Introduction

Technical advances that have enabled salivary cortisol measurement have revolutionized research on sources of inter- and intra-individual differences in the reactivity and regulation of the hypothalamic–pituitary–adrenal (HPA) axis. Since the 1980s, thousands of publications have integrated salivary cortisol measurement across multiple disciplines and species. One pattern of note in the research literature, however, is that the substantive findings have not always been consistent across studies or between laboratories. Several possible explanations include variation between laboratories in saliva sample collection [1], sample integrity [2], participant noncompliance for collection timing [3], the number/frequency of samplings [4], specimen handling/transport [5], metrics applied to represent HPA axis (re)activity [6], and various analytic strategies [7,8,9,10,11]. Here we rigorously examine an alternative possibility—that variation in the performance of assays between laboratories contributes unsystematic error in salivary cortisol measurements. Accurate measures of cortisol levels assessed in saliva are important because they constitute the elementary components in the computation of several indices (area under the curve, cortisol awakening response, cortisol diurnal slope, latent trait cortisol) that are widely applied in psychopathology research to operationalize individual differences in the activity of the HPA axis.

Main text

The first generation of salivary cortisol assays (predominantly pre-1990s), were idiosyncratic off-label, in-house modifications of commercially available serum-based immunoassays. In the late 1990s, enzyme immunoassays made specifically for saliva became commercially available. These assays substantially improved the lower limits of sensitivity, reduced (eight to tenfold) the saliva test volumes, eliminated the need to use substances in the mouth to stimulate saliva flow [12], and enabled “standardization” of assay protocols across laboratories.

Common metrics used to determine whether immunoassay results are reliable and precise include intra-assay precision (i.e., comparisons between results of the same sample assayed in duplicate) and inter-assay precision (i.e., comparison of results across assay runs). The scientific community recommendations [13, 14] provide guidelines that, on average, intra- and inter-assay precision, represented by the coefficient of variation (CV), should be less than 10 and 15%, respectively.

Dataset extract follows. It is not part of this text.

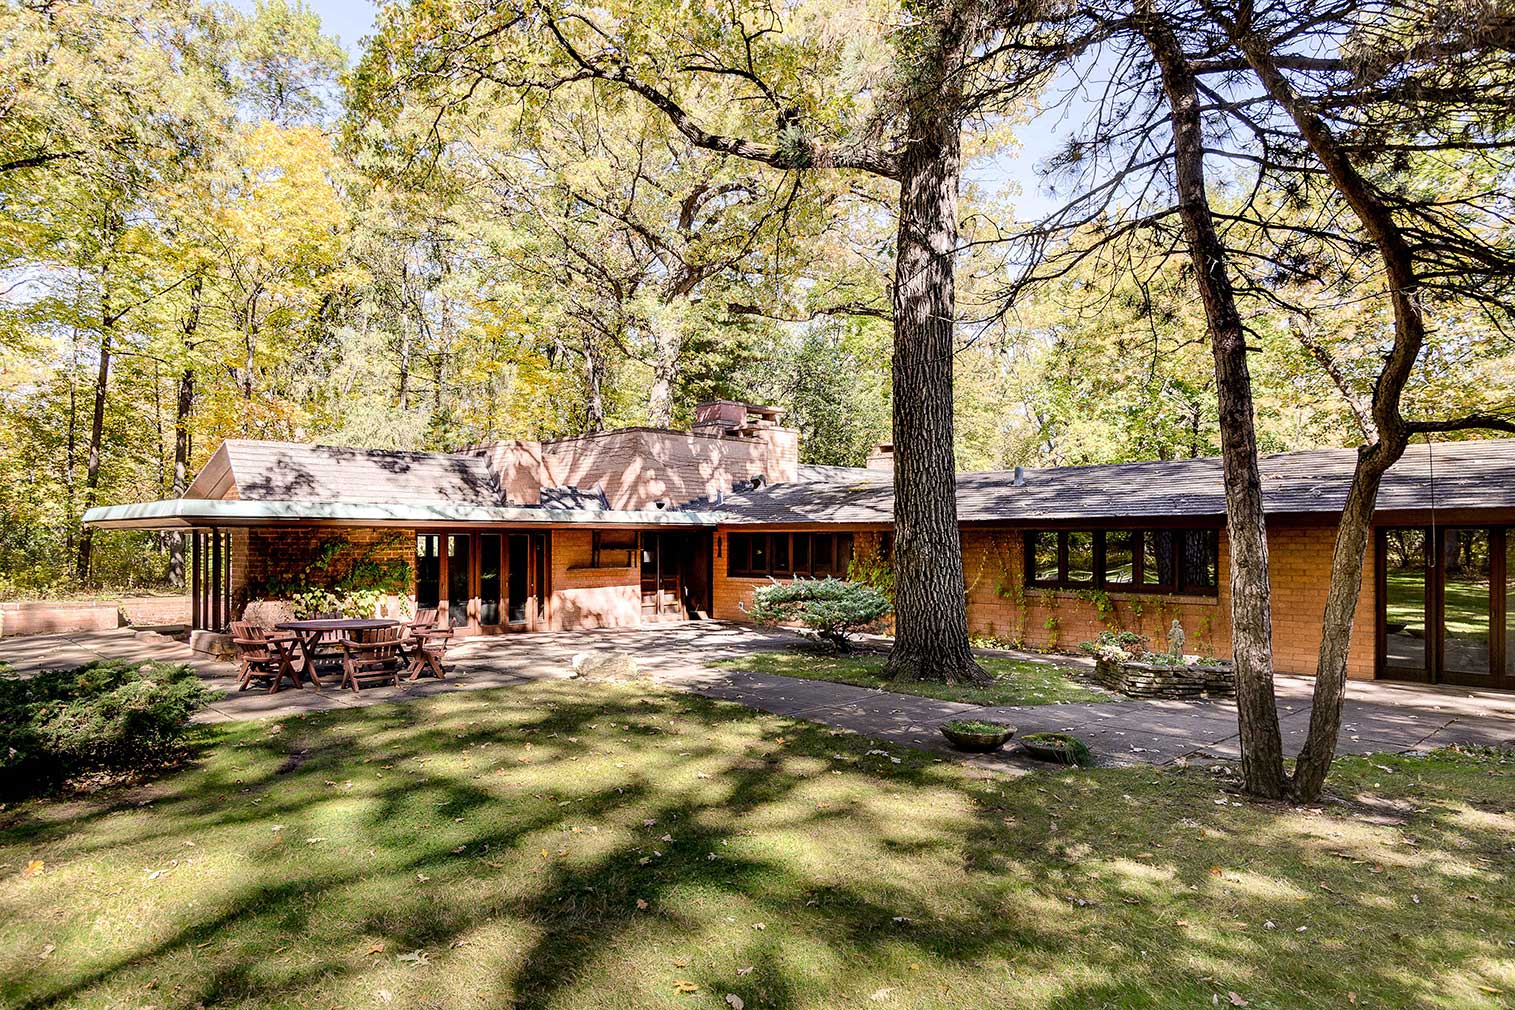 The John Carr Residence in Glenview, Illinois is for sale

Multiple metrics are also used to determine whether an immunoassay is valid. Within each salivary cortisol assay, multiple standards (used to create a standard curve) and controls (i.e., samples with externally validated concentrations) are tested. The standard curve is used to translate idiosyncratic measurement units from laboratory reading equipment (i.e. optical density) into standard concentration/volume units (e.g., µg/dL or nmol/L) to allow comparison of assay results between studies and laboratories. The inclusion of controls serves as a validity check for each assay’s standard curve and can be used to evaluate inter-assay precision.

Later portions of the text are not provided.